Dataset excerpts:
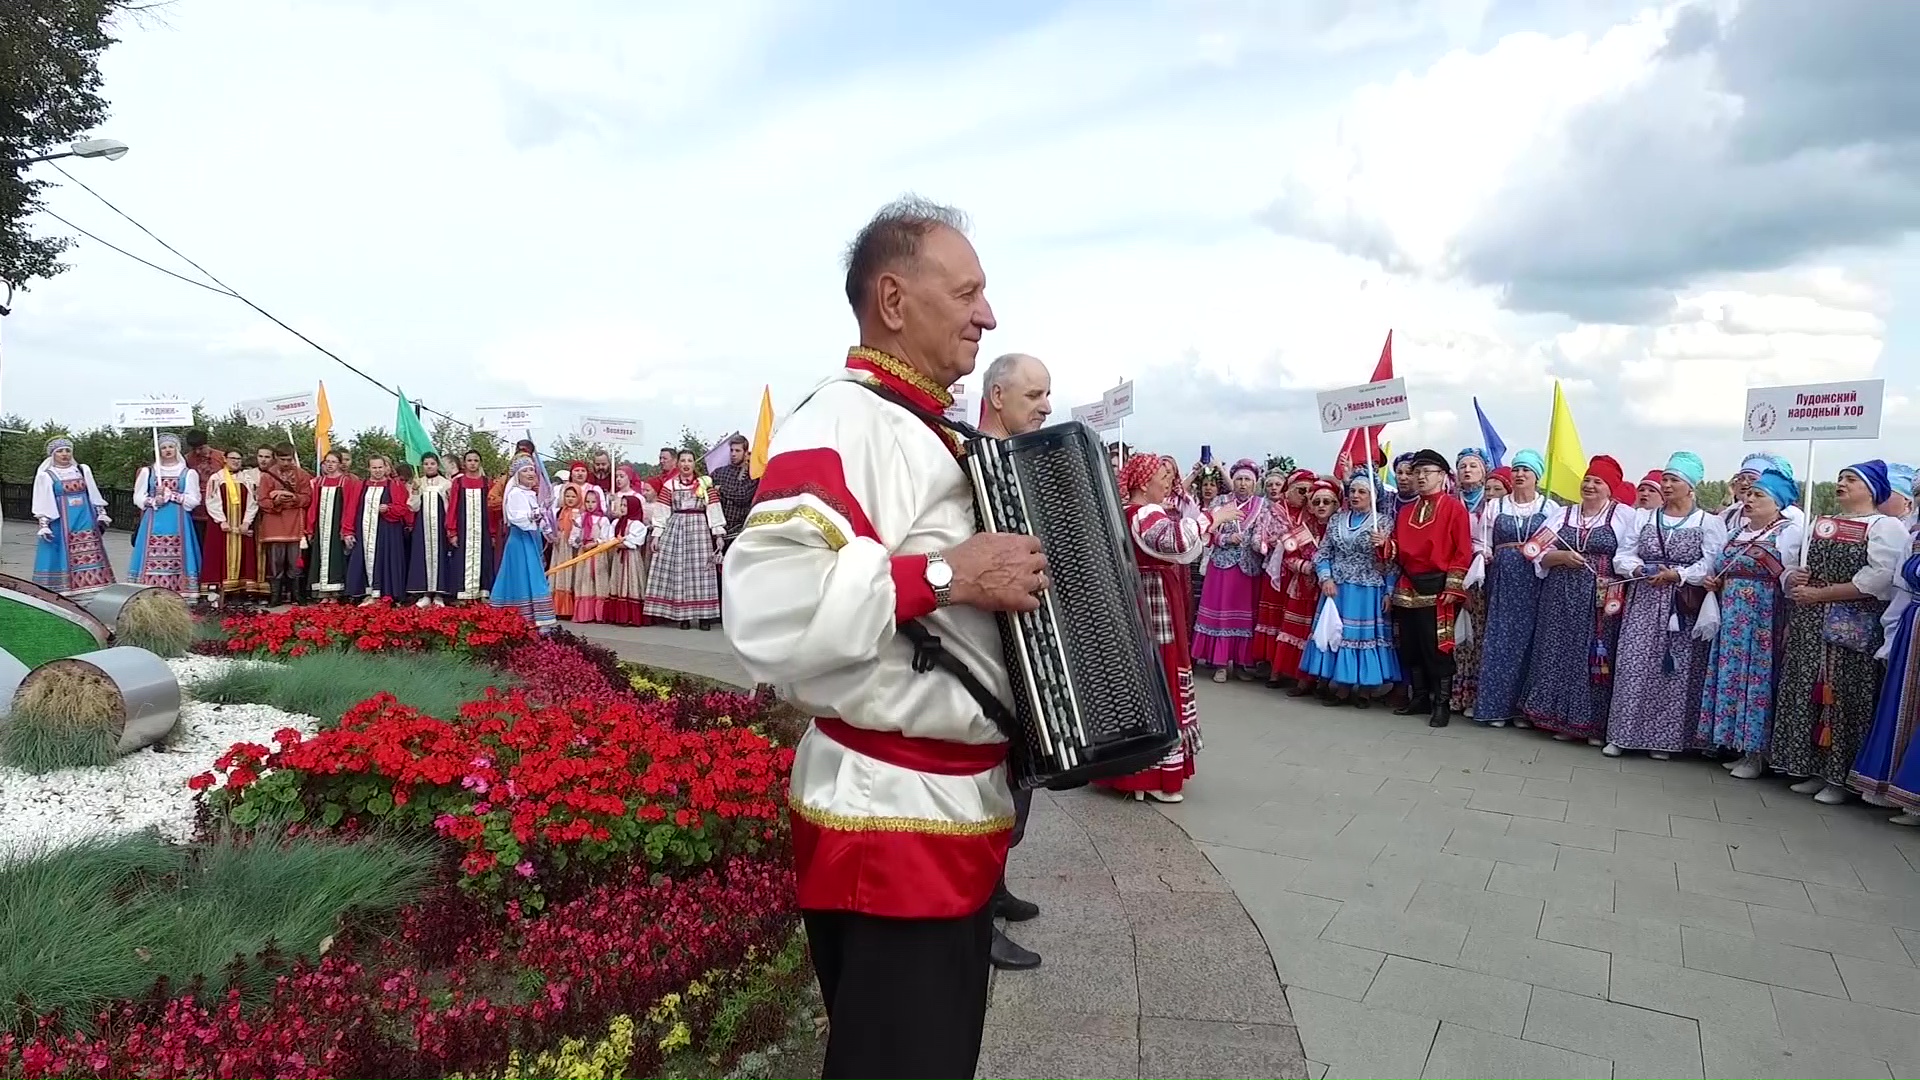 Песни о родине, жизни и любви: по Ярославлю прошел целый парад народных хоров
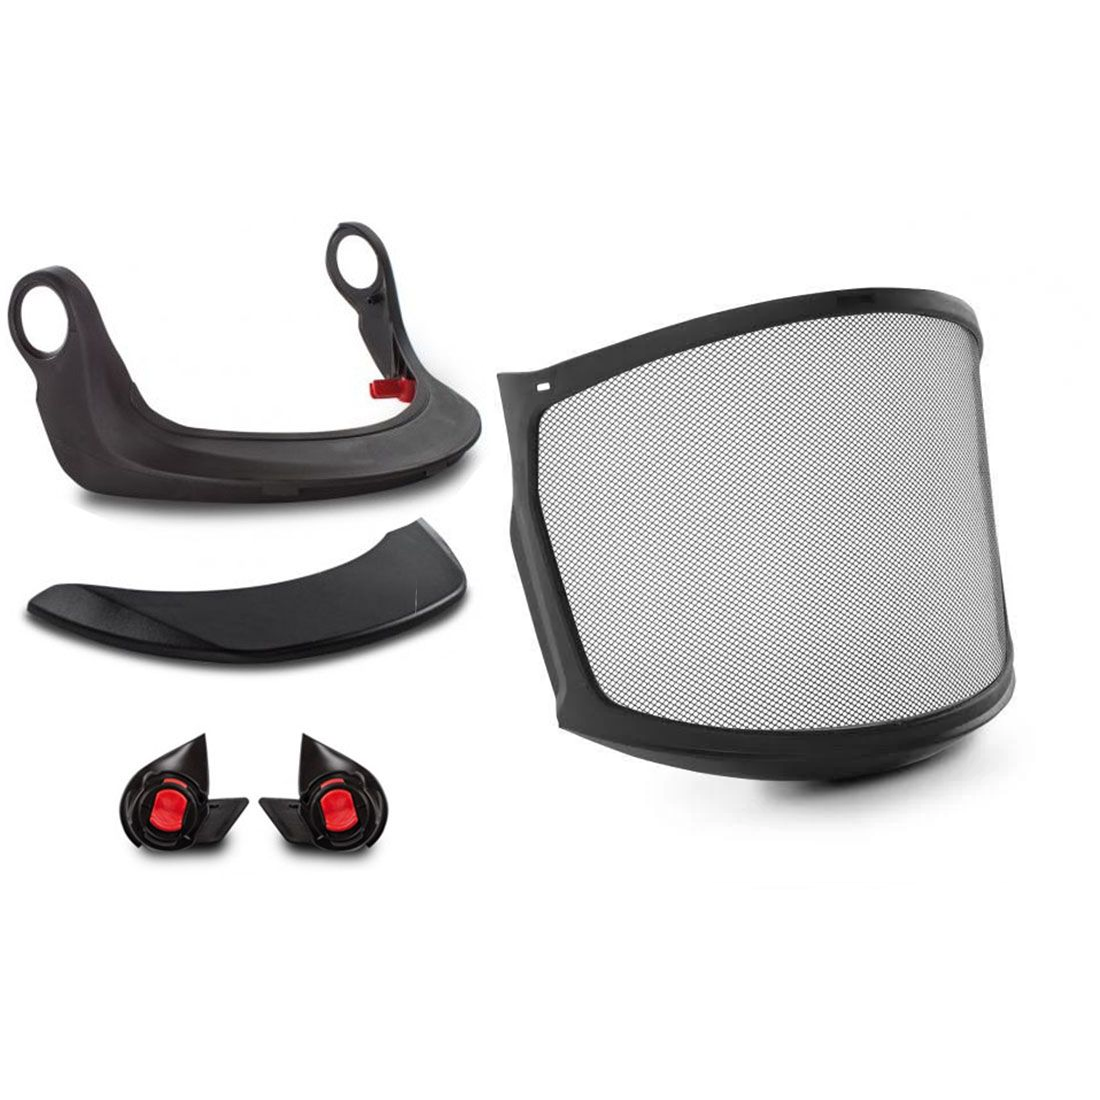 Kask Zen FF - Full Face Visor Kit from Columbia Safety
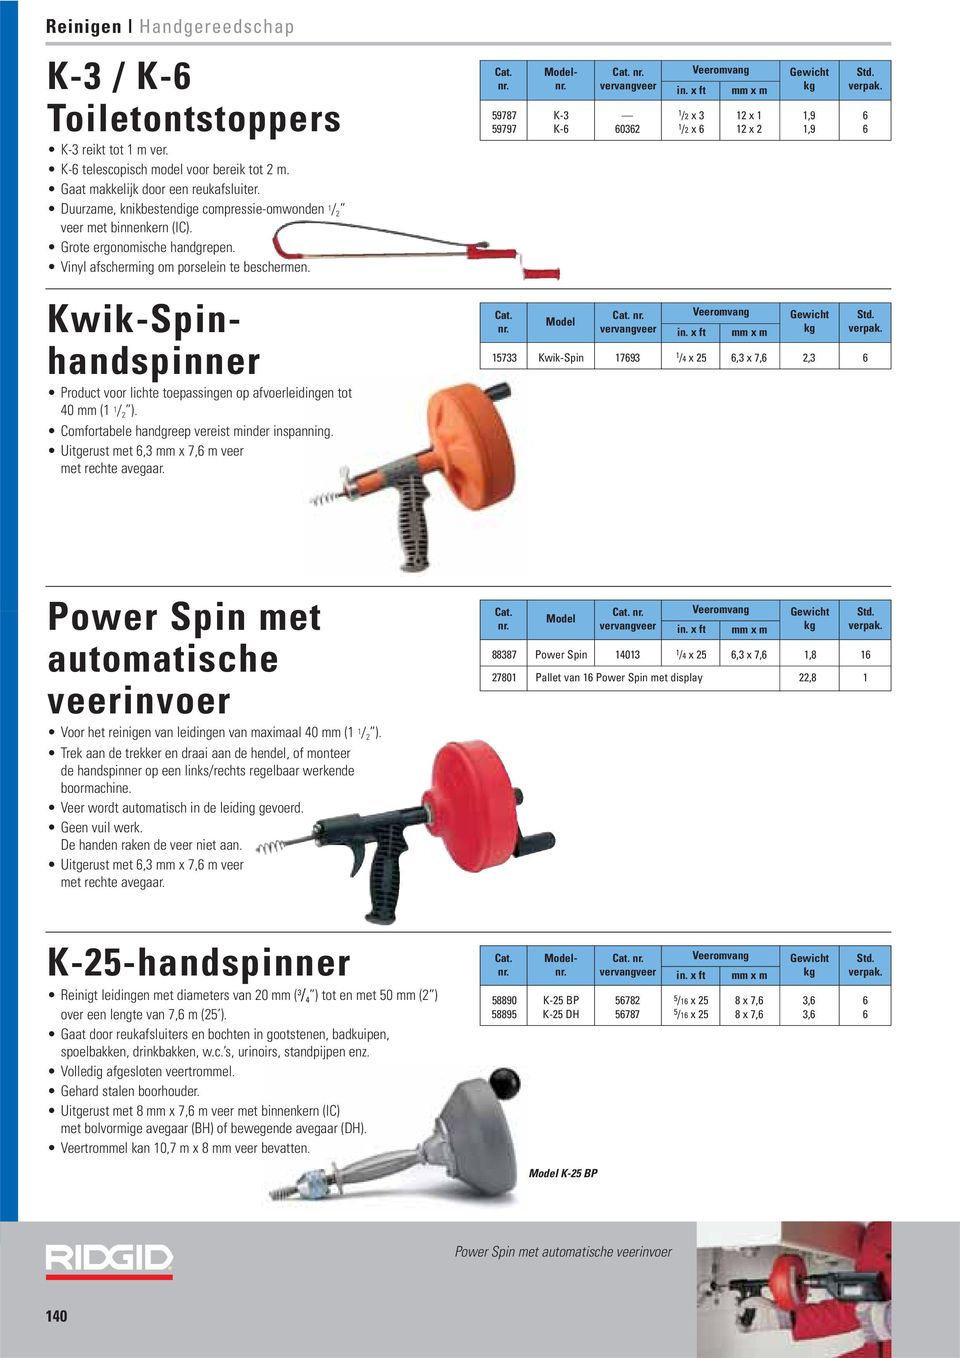 Kwik-Spinhandspinner Product voor lichte toepassingen op afvoerleidingen tot 40 (1 1 / 2 ). Comfortabele handgreep vereist minder inspanning. Uitgerust met 6,3 x 7,6 m veer met rechte avegaar.
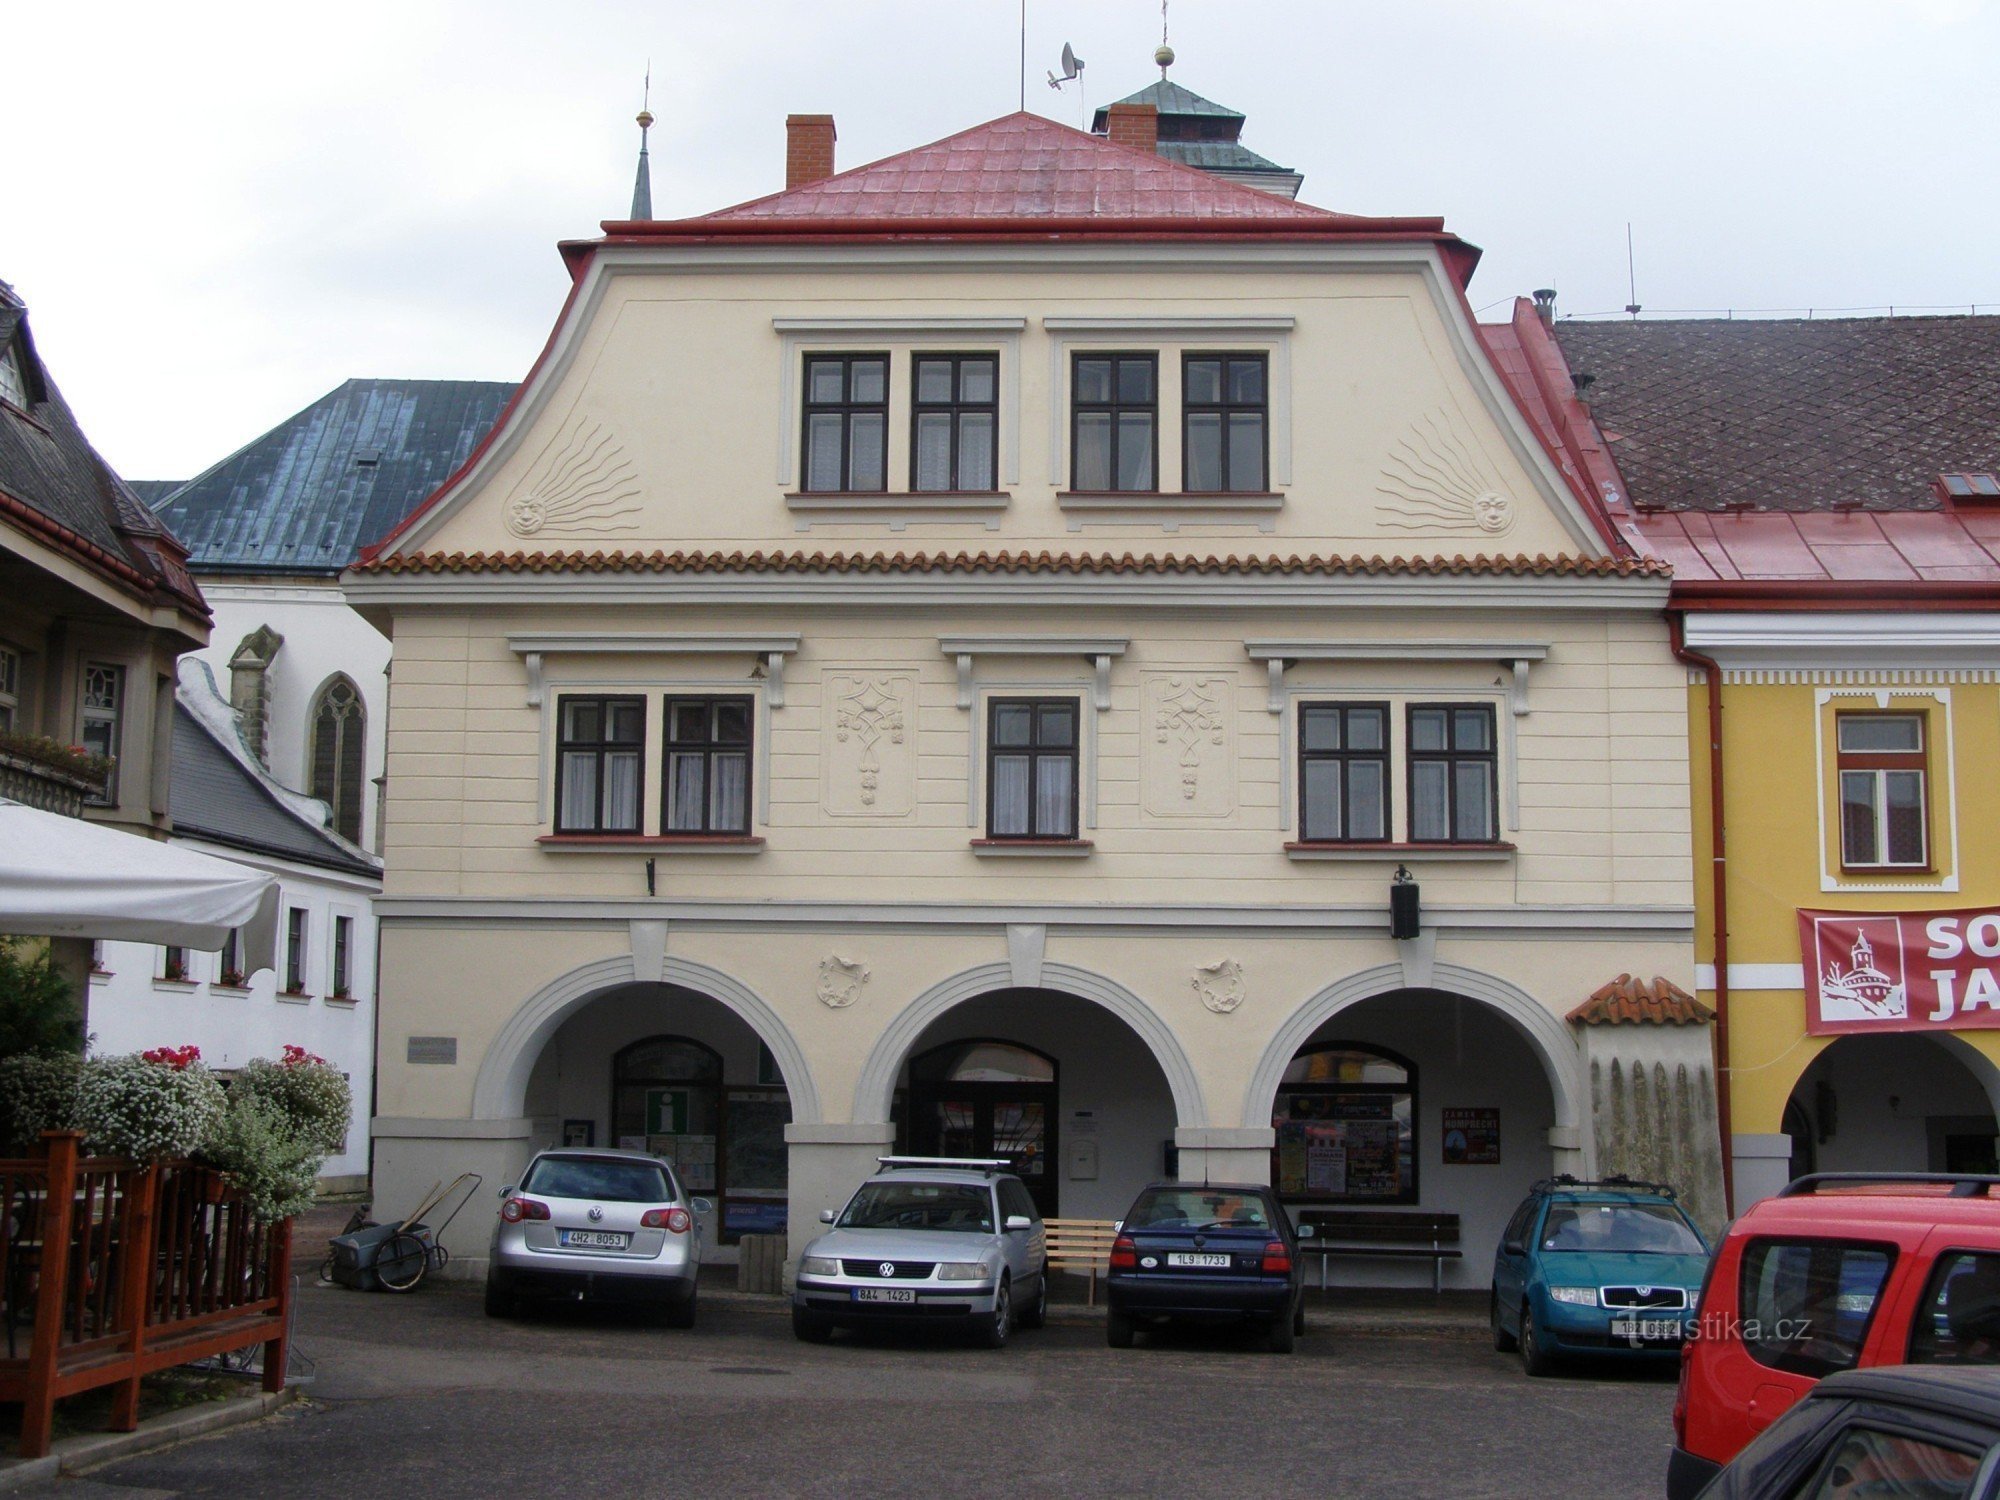 Sobota - centrum informacyjne
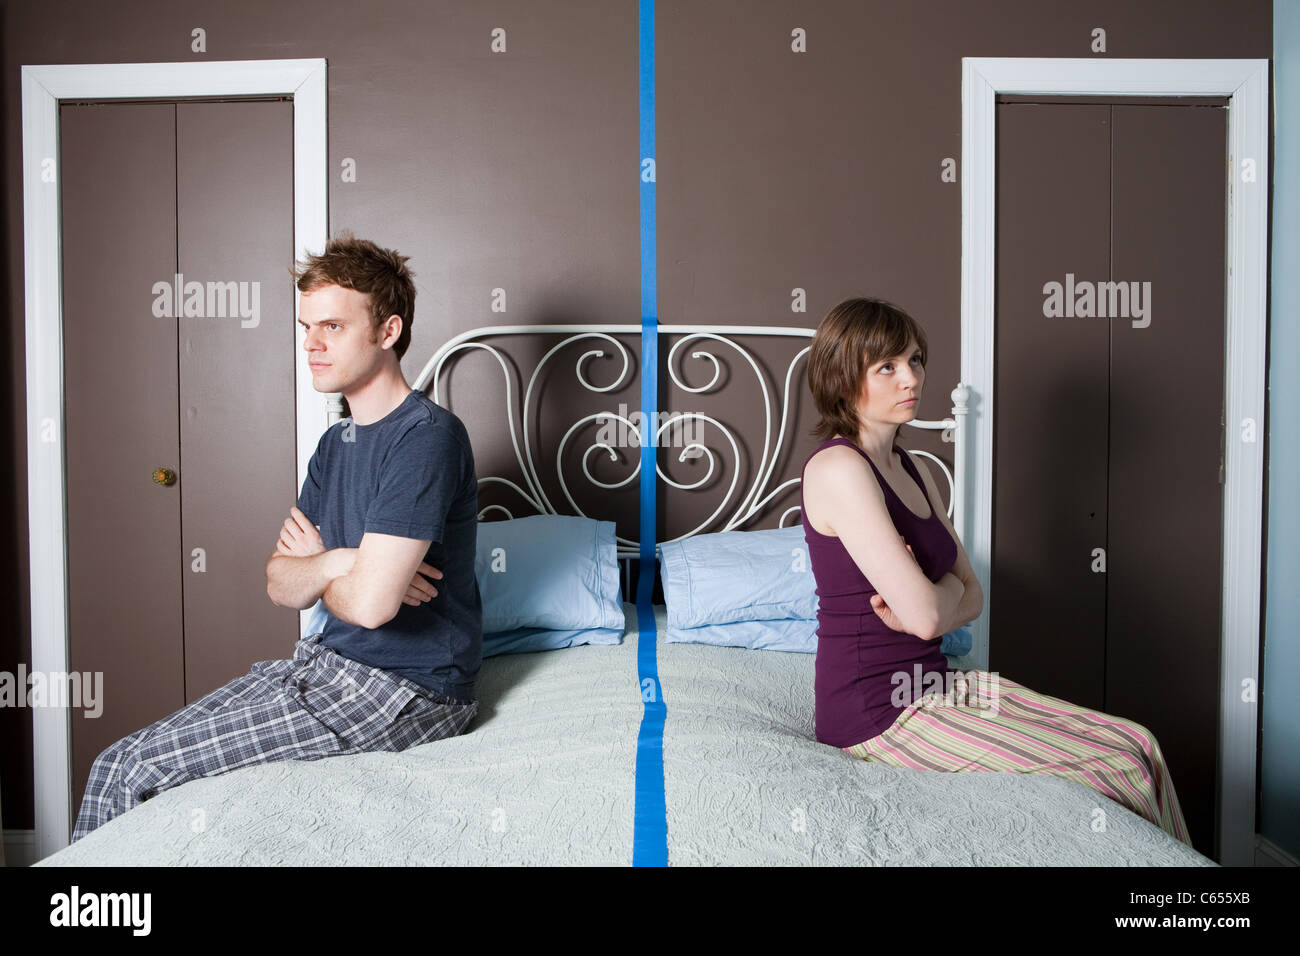 Young couple sitting on bed séparées par ligne bleue Banque D'Images

* **Exercise details**:
Copy out exactly the lines between the line that contains "Kwik-Spinhandspinner Product voor" and the last line of the records, both ends included; leave out every picture.

* **Your solution**:
 Kwik-Spinhandspinner Product voor lichte toepassingen op afvoerleidingen tot 40 (1 1 / 2 ). Comfortabele handgreep vereist minder inspanning. Uitgerust met 6,3 x 7,6 m veer met rechte avegaar.
 Sobota - centrum informacyjne
 Young couple sitting on bed séparées par ligne bleue Banque D'Images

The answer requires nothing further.